Among various bottom-up approaches, chemical vapor deposition (CVD) has
emerged as an important technique for the preparation and production of graphene
since it was first reported few years ago [41]. The CVD approach to producing
graphene relies on dissolving carbon into metal surfaces, such as Ni and Cu that act
as catalysts, and then forcing it to precipitate out by cooling the metal [42]. Although
graphene films possess poor transparency, usually graphene films obtained from CVD
methods exhibit superb conductivities.
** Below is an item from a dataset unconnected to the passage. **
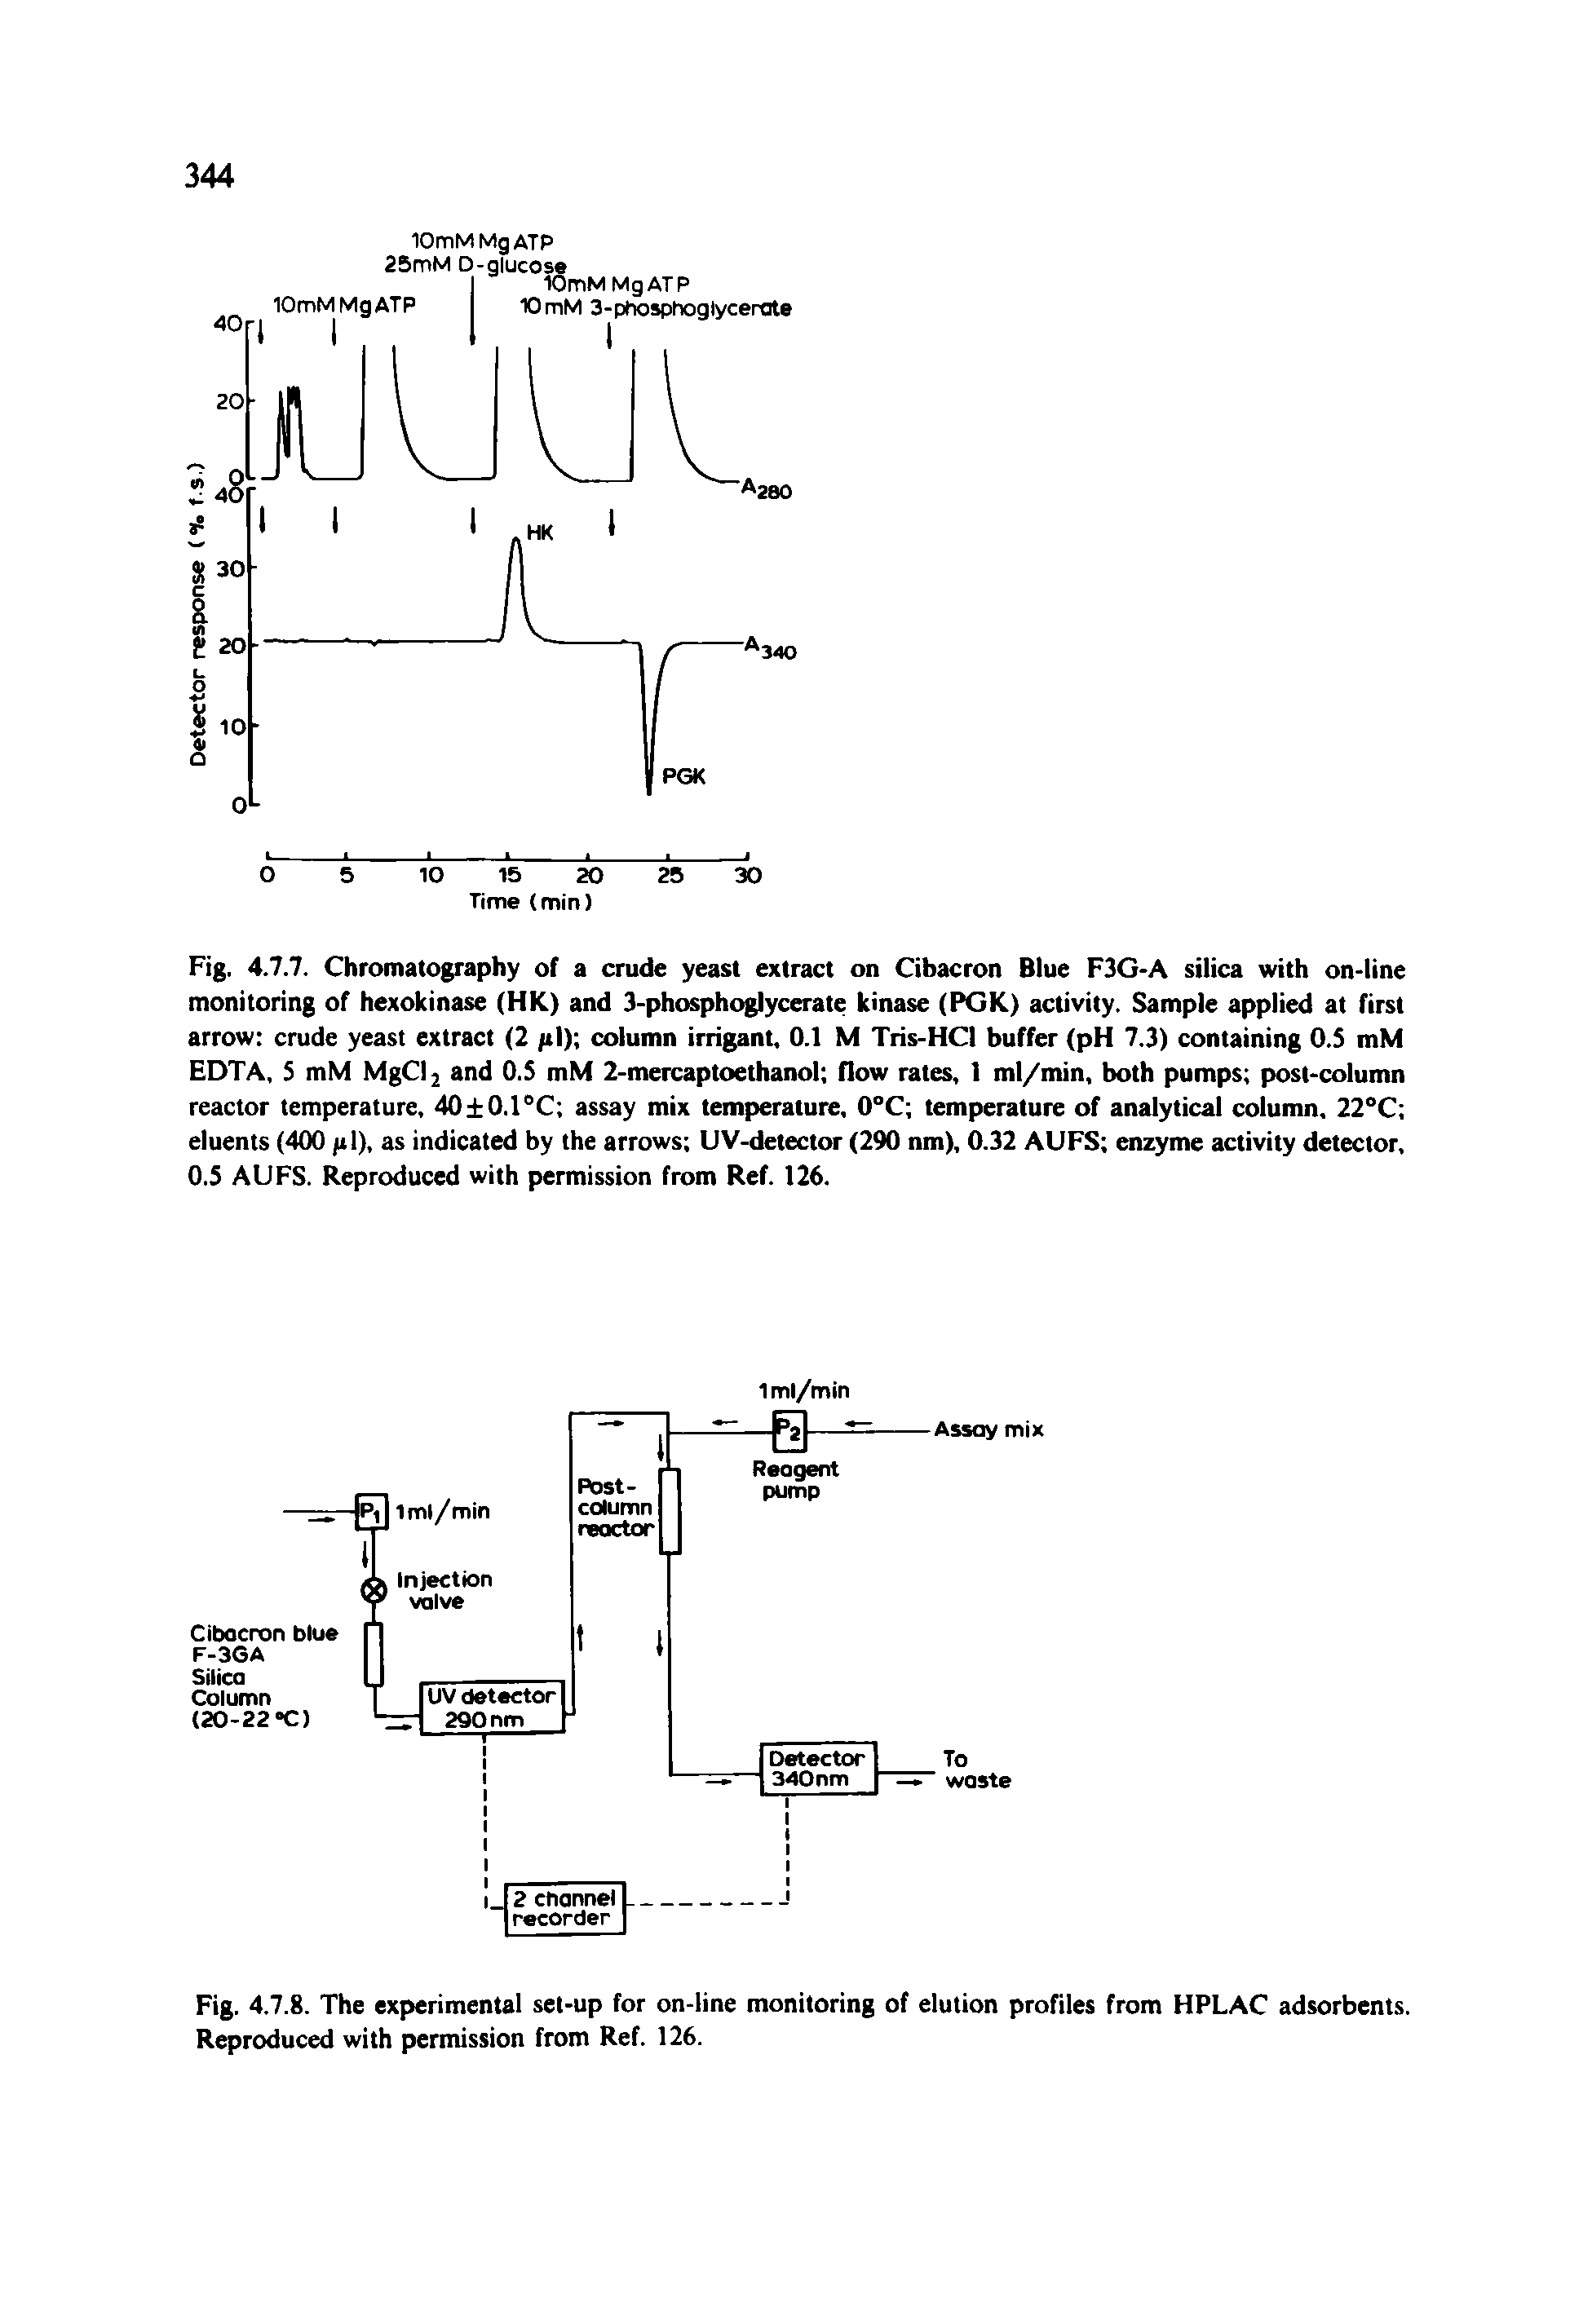 Fig. 4.7.7. Chromatography of a crude yeast extract on Cibacron Blue F3G-A silica with on-line monitoring of hexokinase (HK) and 3-phosphoglycerate kinase (PGK) activity. Sample applied at first arrow crude yeast extract (2 pi) column irrigant, 0.1 M Tris-HCI buffer (pH 7.3) containing O.S mM EDTA, 5 mM MgClj and O.S mM 2-mercaptoethanol flow rates, I ml/min, both pumps post-column reactor temperature, 40 0.1°C assay mix temperature, 0°C temperature of analytical column, 22°C eluents (400 pi), as indicated by the arrows UV-detector (290 nm), 0.32 AUFS enzyme activity detector, 0.5 AUFS. Reproduced with permission from Ref. 126.

Indeed, CVD is the primary technique used to
obtain large-area graphene sheets, which are usually in high demand for various solar
cell applications [43]. Several studies have been reported on using the CVD method
for the deposition of single-layer graphene films on different substrates (e.g., copper
and nickel foils) that are later transferred onto an inverted photovoltaic device with
glass/ITO as cathode and graphene as anode [44]. However, testing the applicabil-
ity of a large graphene film as an electrode in solar cells is still in its infancy; thus
CVD-grown graphene electrodes are not yet at the point of being used commercially.